◆ Problem description
Copy everything in the listing below word for word, apart from any images.

◆ Stored data

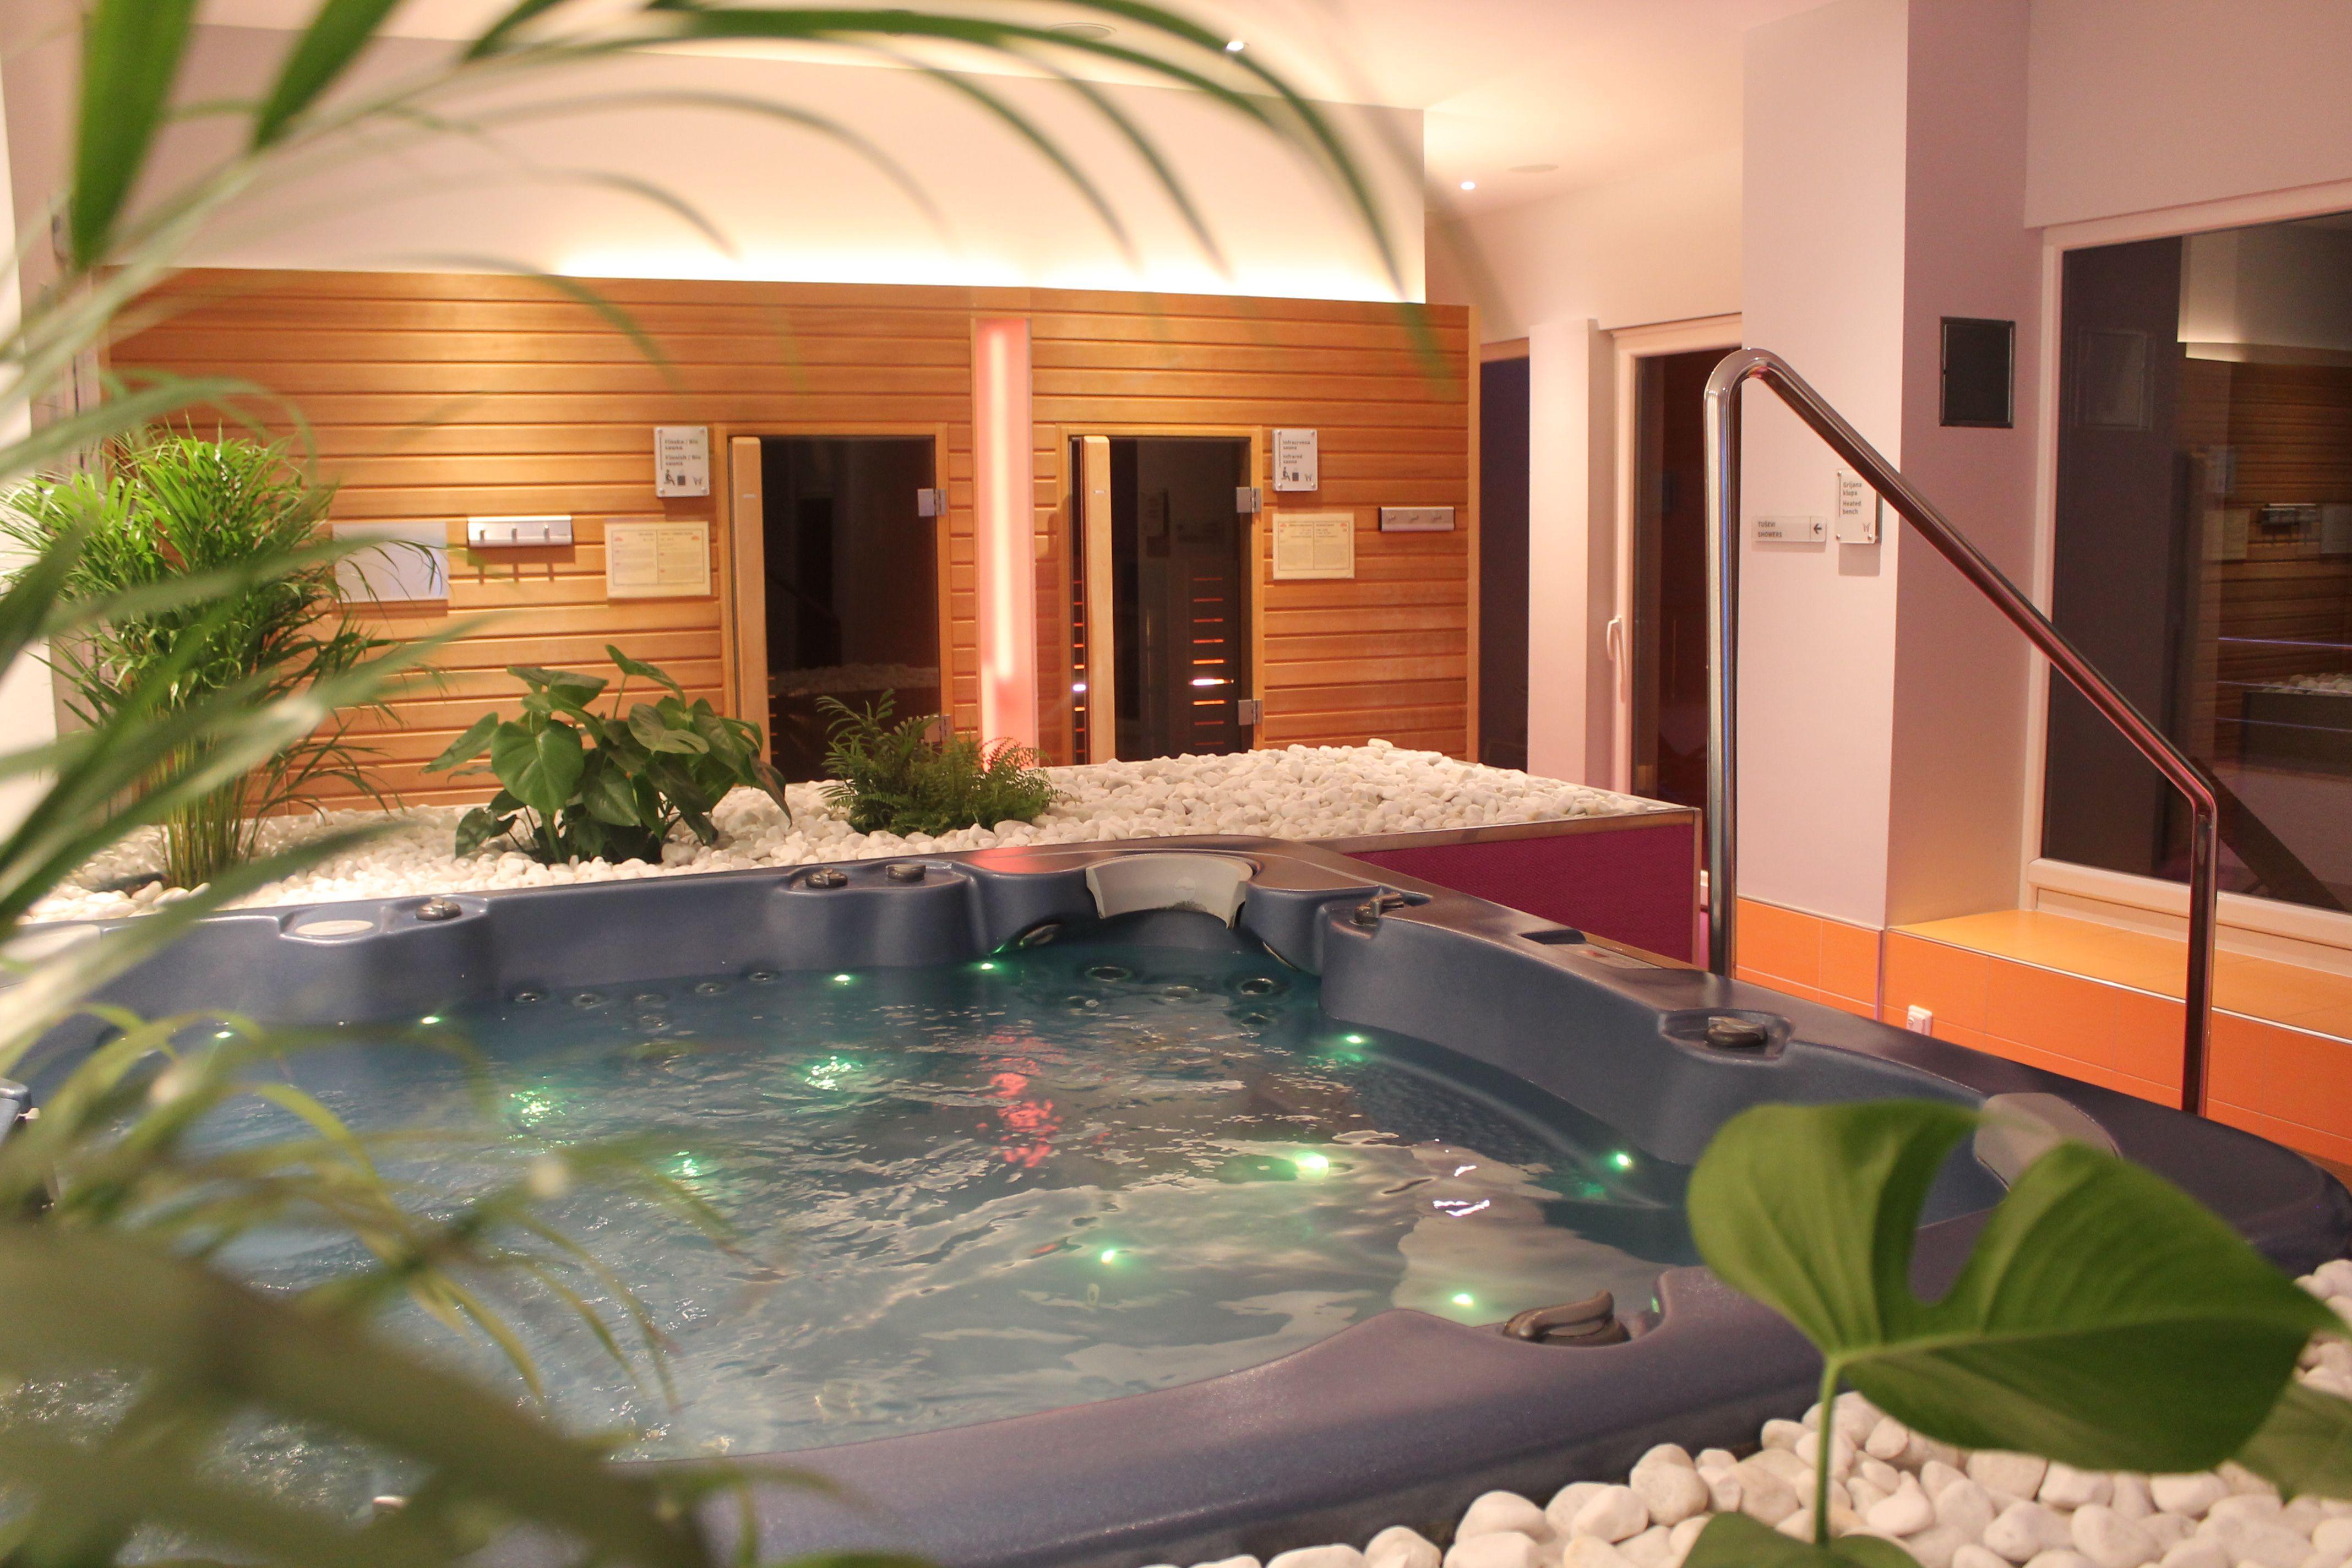 Jedes Zimmer In Der Villa Magdalena Hat Einen Eigenen Whirlpool Leadingsparesorts Leadingspa Wellness Wellnessh In 2020 Hotel Mit Whirlpool Spa Urlaub Spa Hotel
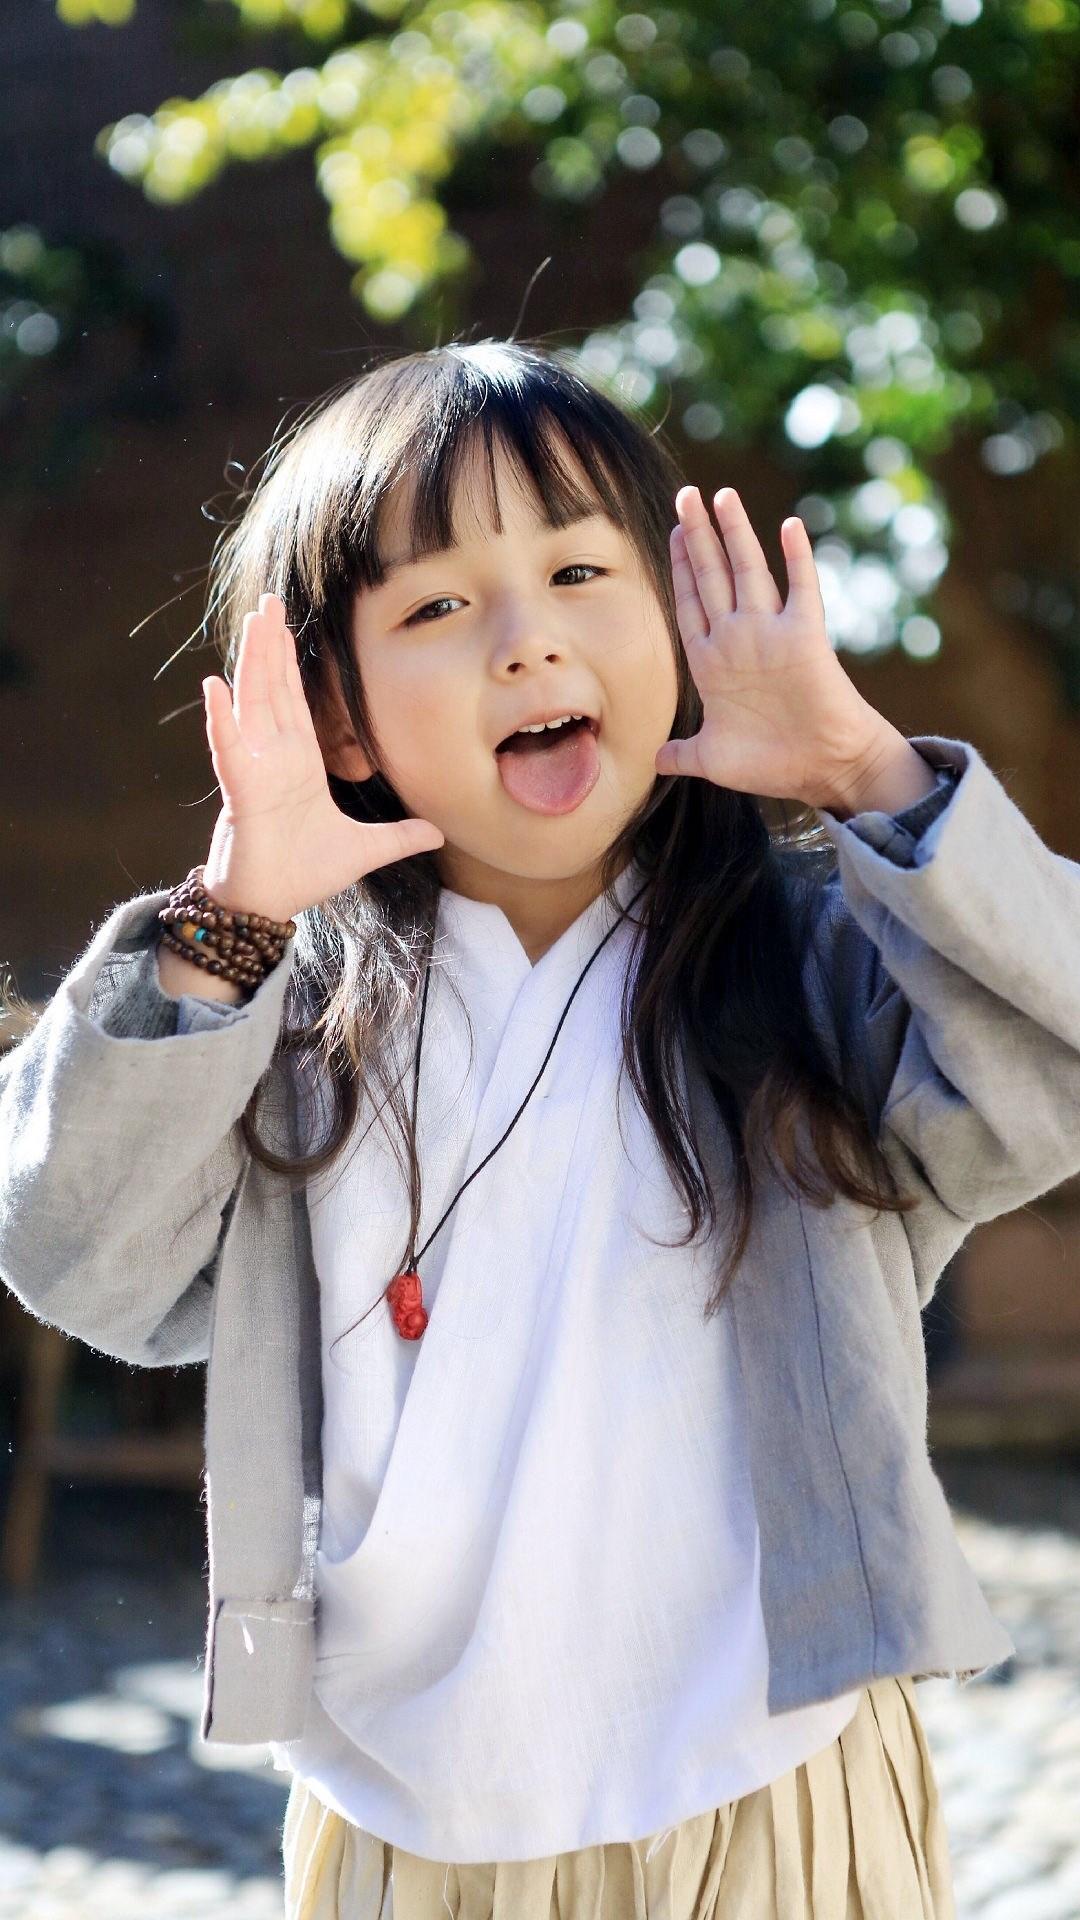 电脑上wap网:可爱 刘楚恬 小女孩 苹果手机高清壁纸 1080x1920_爱思
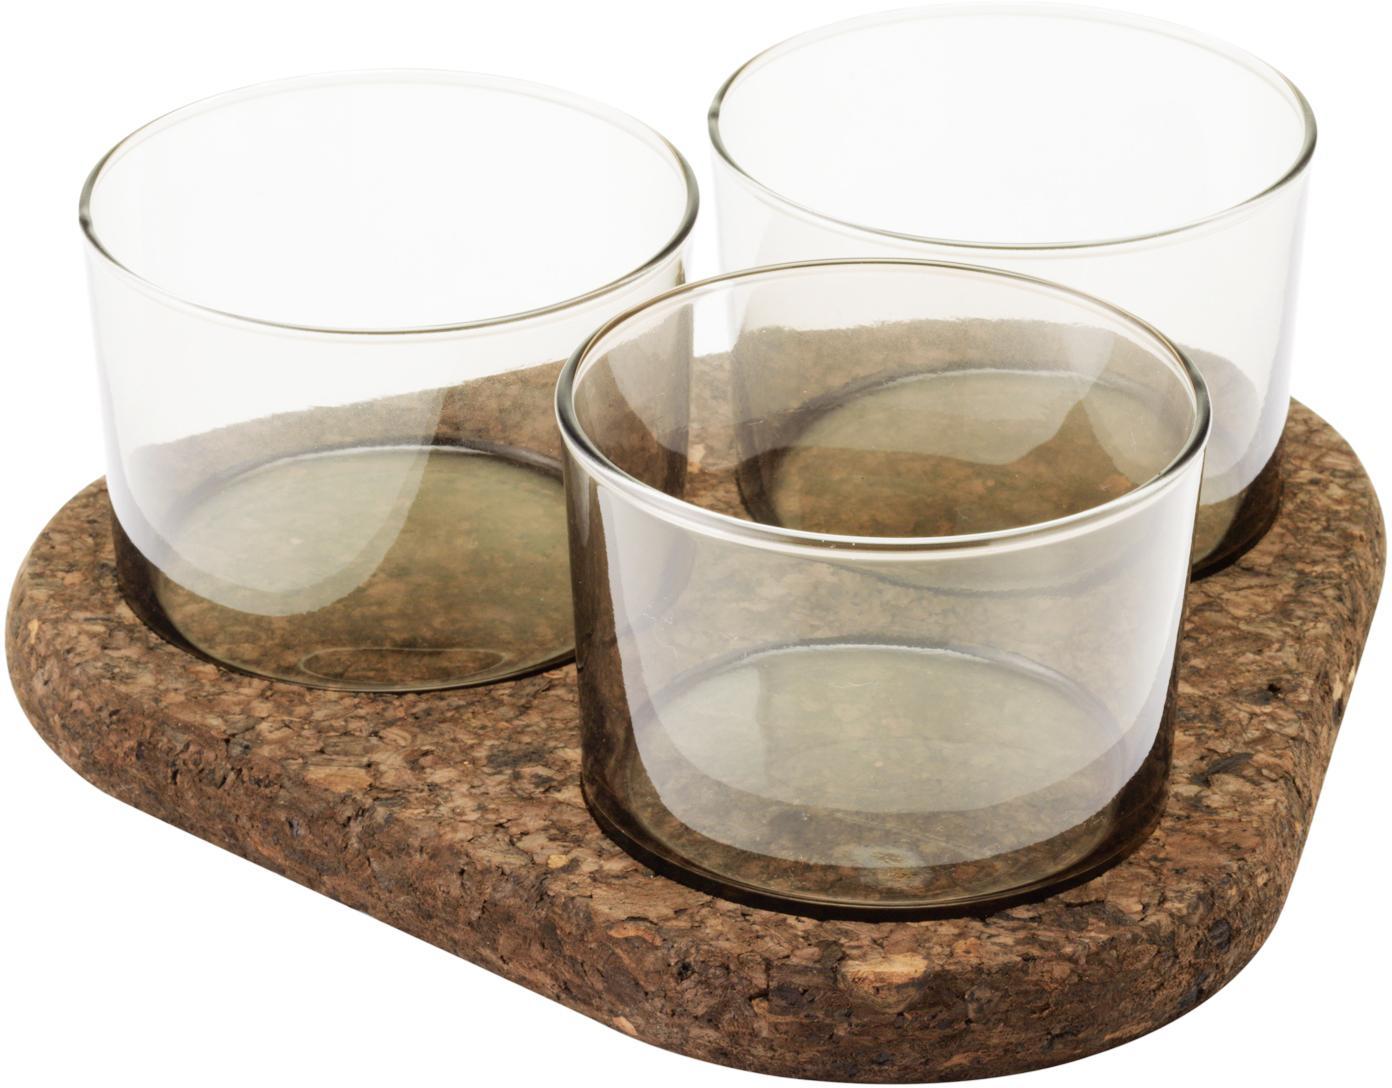 Dipschälchen-Set Raw, 4-tlg., Glas, Kork, Transparent, Braun, Set mit verschiedenen Grössen
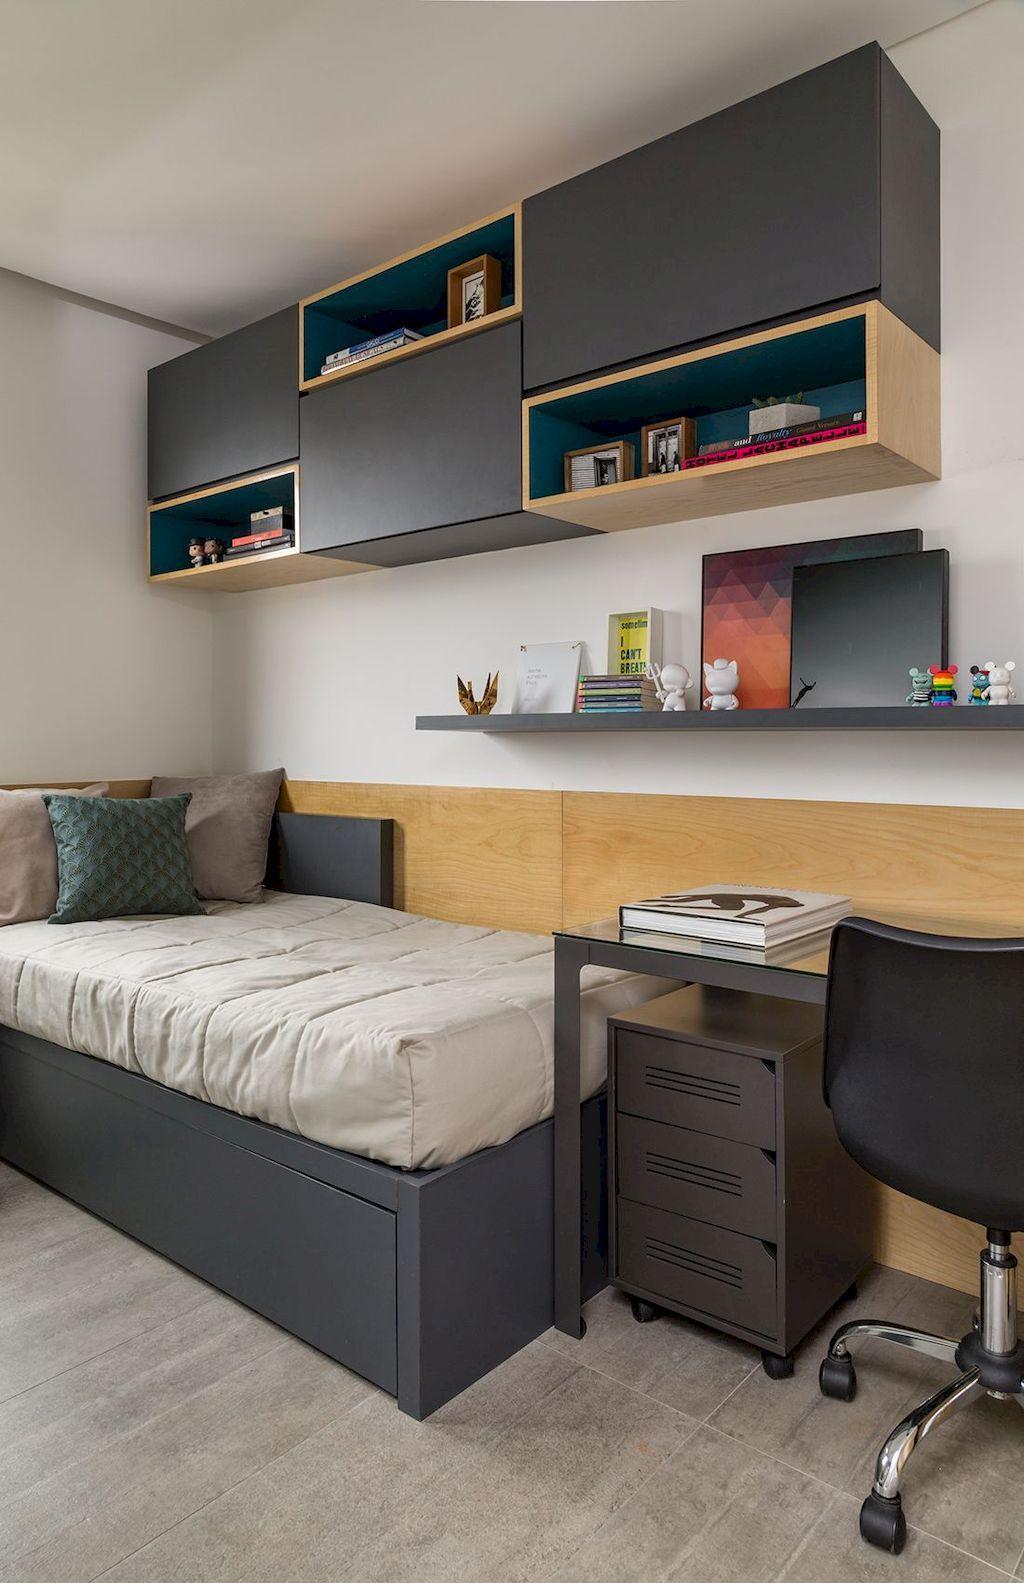 Bedroom Desk For Teenager

◆ Solution for this task
 Jedes Zimmer In Der Villa Magdalena Hat Einen Eigenen Whirlpool Leadingsparesorts Leadingspa Wellness Wellnessh In 2020 Hotel Mit Whirlpool Spa Urlaub Spa Hotel
 电脑上wap网:可爱 刘楚恬 小女孩 苹果手机高清壁纸 1080x1920_爱思
 Dipschälchen-Set Raw, 4-tlg., Glas, Kork, Transparent, Braun, Set mit verschiedenen Grössen
 Bedroom Desk For Teenager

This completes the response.